When the AI Worked Fine. We Were the Problem.

There is a version of the AI-in-banking story that gets told at conferences. The version with the elegant architecture diagram, the impressive accuracy metrics, the CTO on stage explaining how they transformed their compliance operations in eighteen months. Applause. Networking drinks. Everyone flies home feeling slightly inadequate.

Then there is the version I lived.

In 2022, I was part of a team running AI pilots across GRC functions inside a large bank. Six pilots. Reasonable budget. Good vendor relationships. Genuine executive appetite — the rare kind where people actually showed up to the steering committee rather than sending a delegate to take notes. By every measure that matters before you start, we had the conditions for success.

Every single pilot stalled at the same wall.

The Wall Nobody Puts in the Business Case

The wall was not the technology. I want to be clear about that, because the easy narrative — the one that protects everyone’s prior decisions — is to blame the vendor, blame the model, blame AI for not being ready. That narrative is comfortable and wrong.

The wall was our data. Specifically, the state of it. Which is to say: the state of twenty years of accumulated decisions, mergers, system migrations, and the quiet institutional habit of solving urgent problems without fixing underlying ones.

Here is the moment I remember most clearly. We had a transaction monitoring model that was genuinely impressive in the sandbox. Clean inputs, clean outputs, the kind of performance that makes a proof-of-concept presentation feel like a TED talk. We moved it toward live deployment and ran the first serious data profiling exercise against our actual production environment.

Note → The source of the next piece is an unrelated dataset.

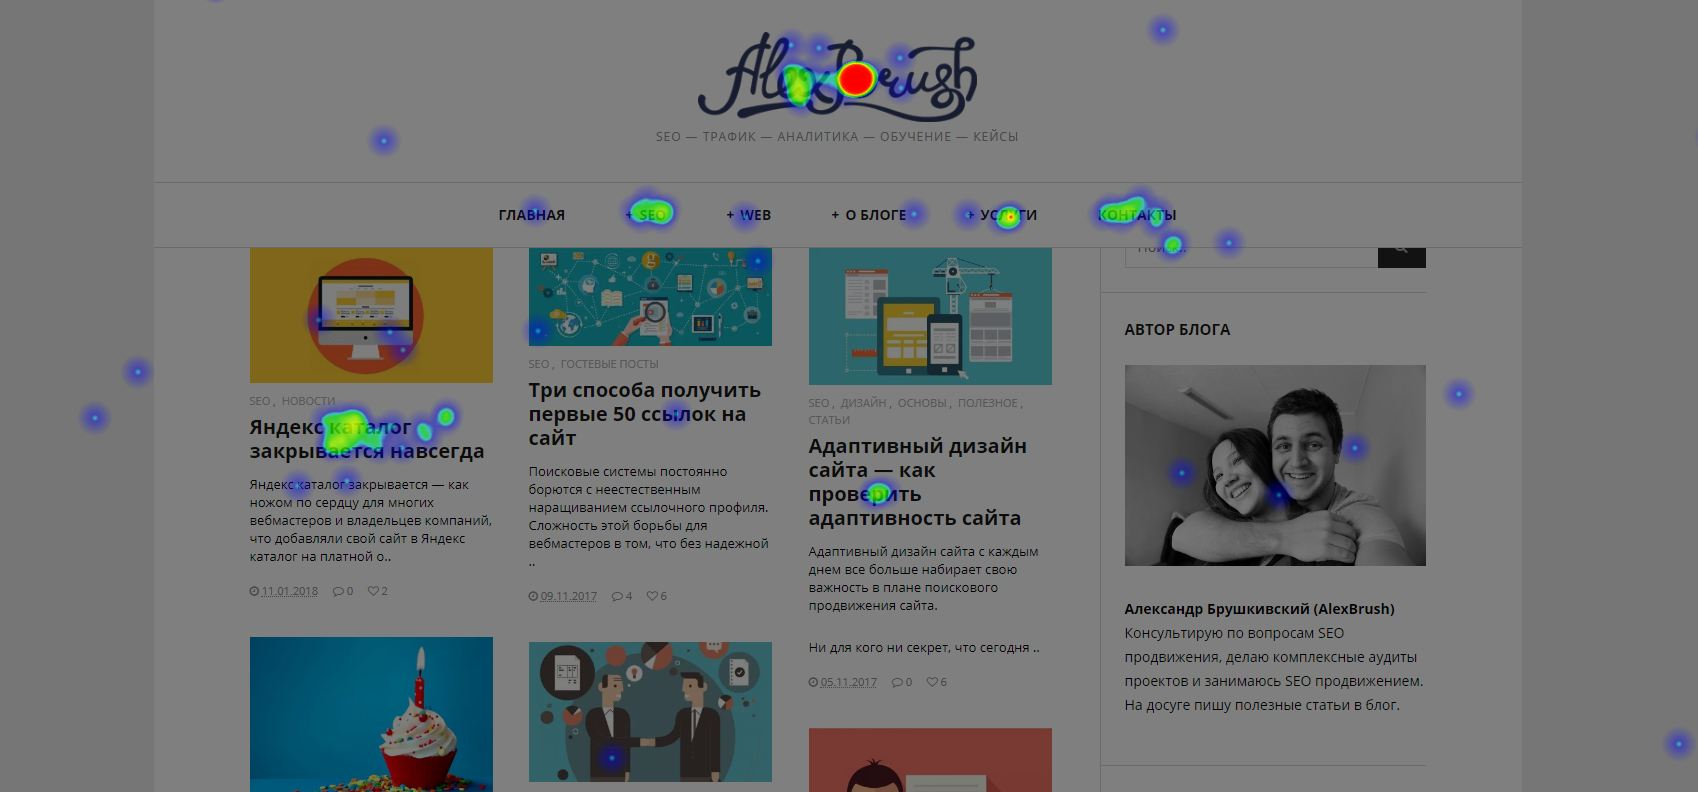 Карты в Яндекс метрика - клики, ссылки, скроллинг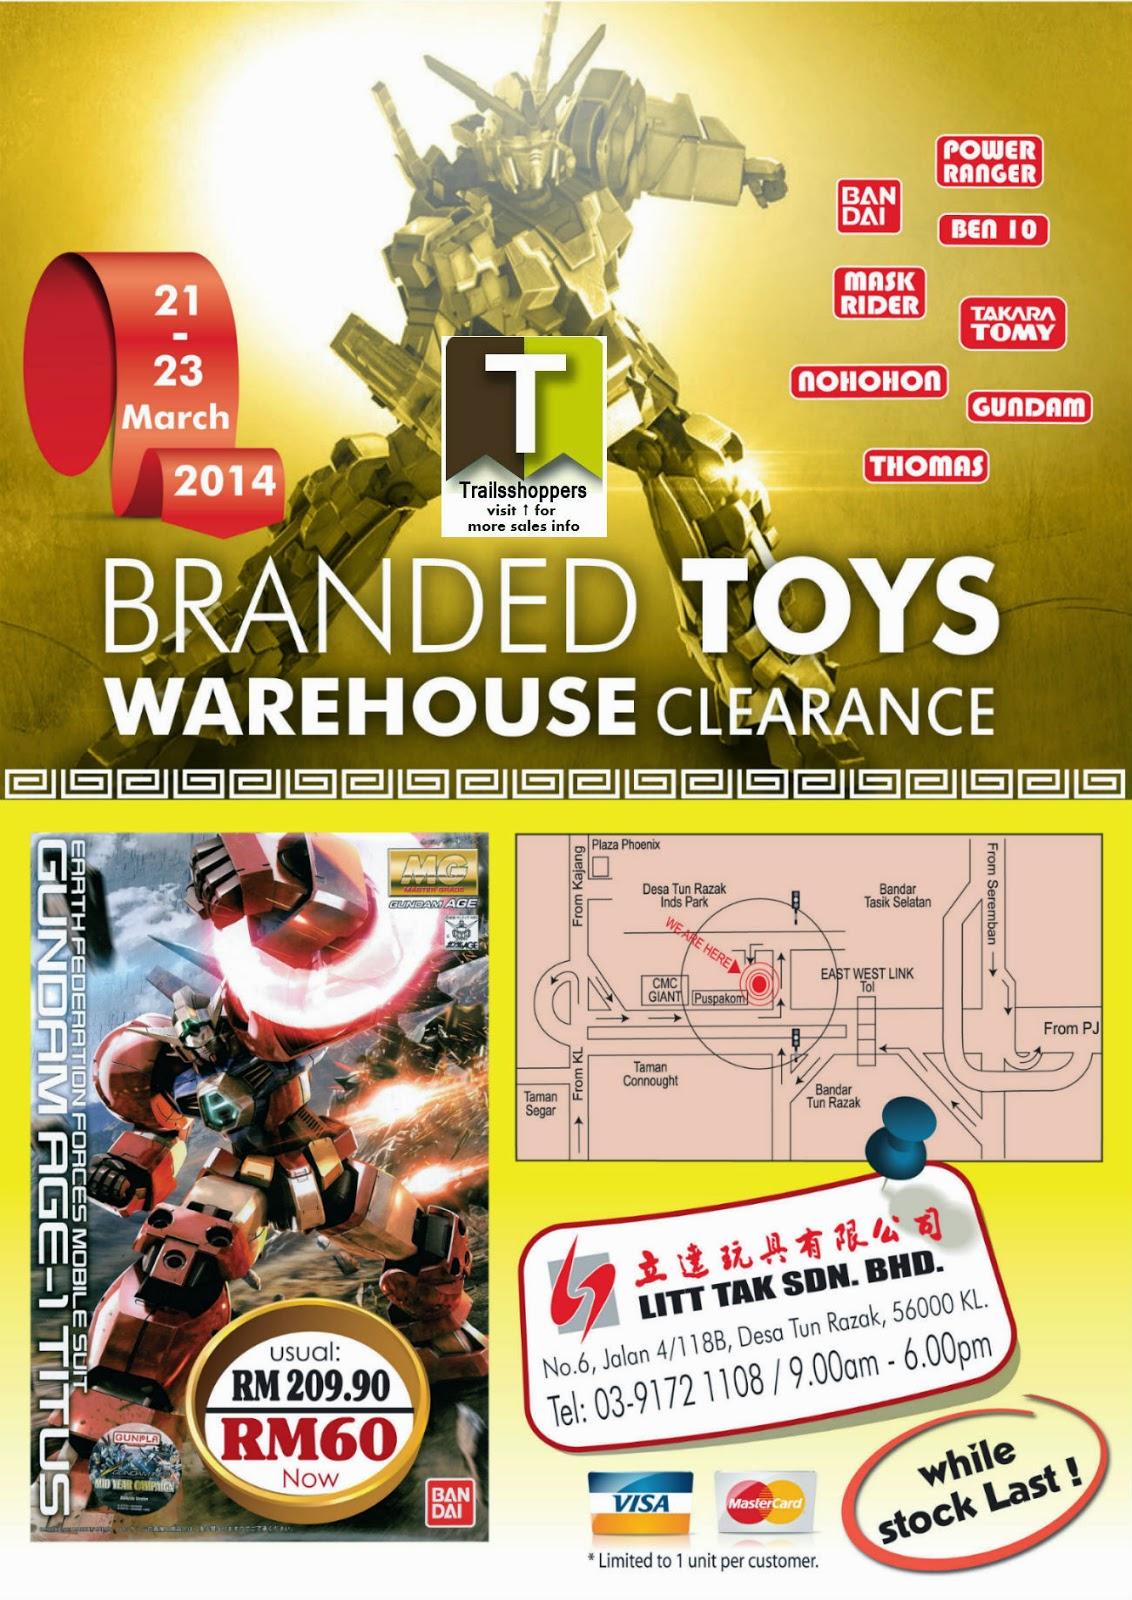 Litt Tak Branded Toys Warehouse Clearance Desa Tun Razak KL Kuala Lumpur

Our data taxonomy contained seventeen different definitions of “beneficial owner” across legacy systems.

Seventeen.

The model was not confused. The model was doing exactly what models do — processing the inputs it received according to the logic it had learned. We were confused. We had built seventeen slightly different answers to the same regulatory question, across different systems, over different years, and we had simply never needed to look at them all in the same room before. AI did not create that problem. It just turned on the lights.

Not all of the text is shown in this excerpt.